ValueError: Solver lbfgs supports only dual=False, got dual=True

so i naively set to False, since per the docs, that sounds like the right thing to do anyways

https://scikit-learn.org/stable/modules/generated/sklearn.linear_model.LogisticRegression.html

which is when i get a very different error

/usr/local/lib/python3.6/dist-packages/sklearn/linear_model/_logistic.py:940: ConvergenceWarning: lbfgs failed to converge (status=1):
STOP: TOTAL NO. of ITERATIONS REACHED LIMIT.

Increase the number of iterations (max_iter) or scale the data as shown in:
    https://scikit-learn.org/stable/modules/preprocessing.html
Please also refer to the documentation for alternative solver options:
    https://scikit-learn.org/stable/modules/linear_model.html#logistic-regression
  extra_warning_msg=_LOGISTIC_SOLVER_CONVERGENCE_MSG)
0.655

@jcatanza have you seen this error?

jcatanza · January 18, 2020, 3:28am

Hi @foobar8675
I obtained good results with the liblinear and newton-cg solvers. The other solvers got poorer results and failed to converge.

jcatanza · January 18, 2020, 1:19pm

Hi all. Due to a family emergency, I must cancel today’s (Saturday 1/18) NLP class. The class will resume next week as usual.

The good news is that I have refactored and annotated the 3-logreg-nb-imdb.ipynb notebook and pushed it to github here https://github.com/jcatanza/Fastai-A-Code-First-Introduction-To-Natural-Language-Processing-TWiML-Study-Group/blob/master/3-logreg-nb-imdb_jcat.ipynb

3-logreg-nb-imdb_jcat.ipynb is a self-contained tutorial on Naive Bayes and Logistic Regression applied to the IMDb data.

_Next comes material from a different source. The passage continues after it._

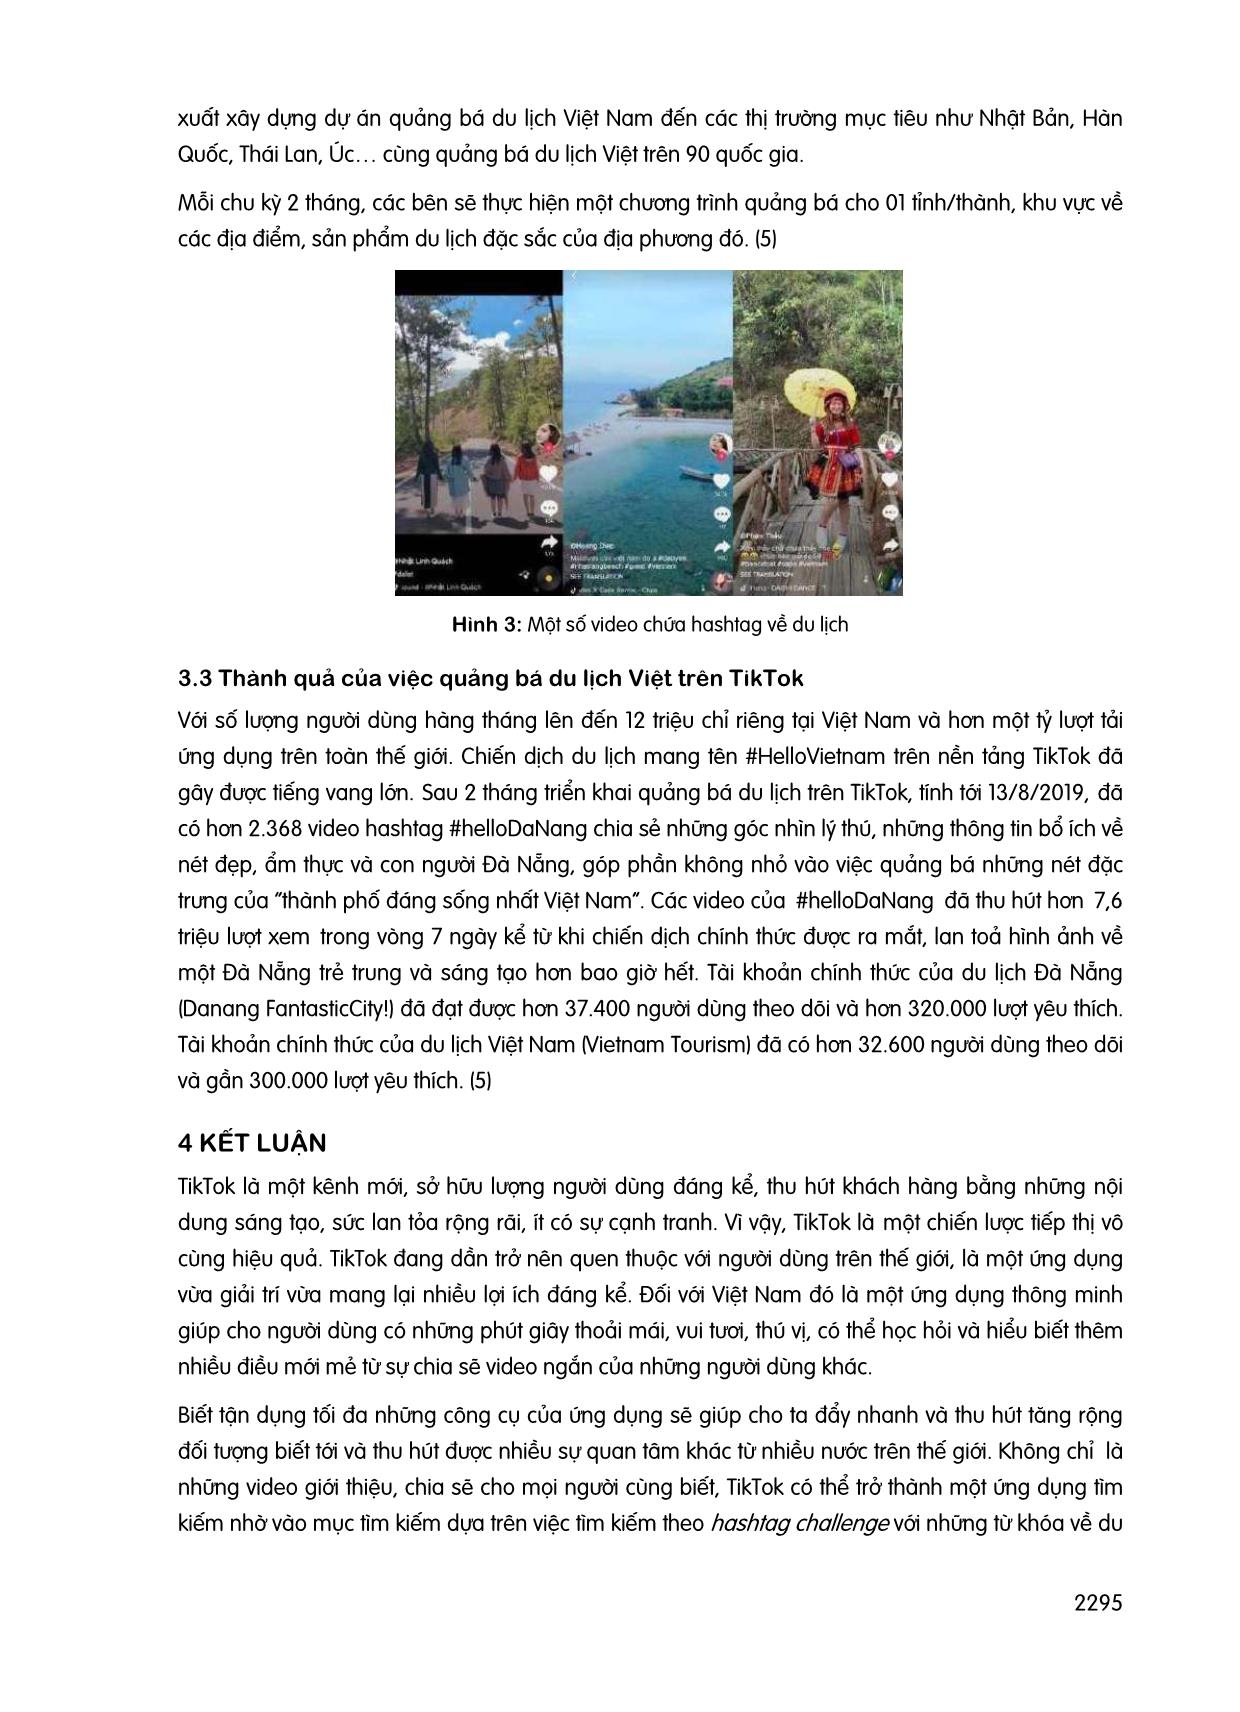 Du lịch Việt trên nền tảng Tiktok trang 5

I think you’ll find it useful!

Today’s assignment: please get the 3-logreg-nb-imdb_jcat.ipynb notebook and use the 1.5 class hours to read, run, play with, and learn from it!

Have a great weekend, and I’ll see you next week.

foobar8675 · January 20, 2020, 8:12pm

that makes sense. thanks!

jcatanza · January 20, 2020, 8:38pm

The Fastai NLP Study Group will meet
Saturday January 25, at 8 AM PST, 11 AM EST, 5 PM CET, 9:30 PM IST

Join the Zoom Meeting when it’s time!

Topic: Sentiment Classification with Naïve Bayes and Logistic Regression

Suggested homework / preparation:

Watch video #5; Video playlist is here
Read and work through my extensively refactored and annotated version of the 3-logreg-nb-imdb.ipynb notebook
Note: in order to run my version of the notebook you’ll need to fork or clone the study group repository

To join via Zoom phone
Dial US: +1 669 900 6833 or +1 646 876 9923
Meeting ID: 832 034 584

The current meetup schedule is here.

Sign up to receive meetup announcements via email.

jcatanza · January 20, 2020, 10:39pm

You can read (but not run) the notebook for this week’s discussion in nbviewer.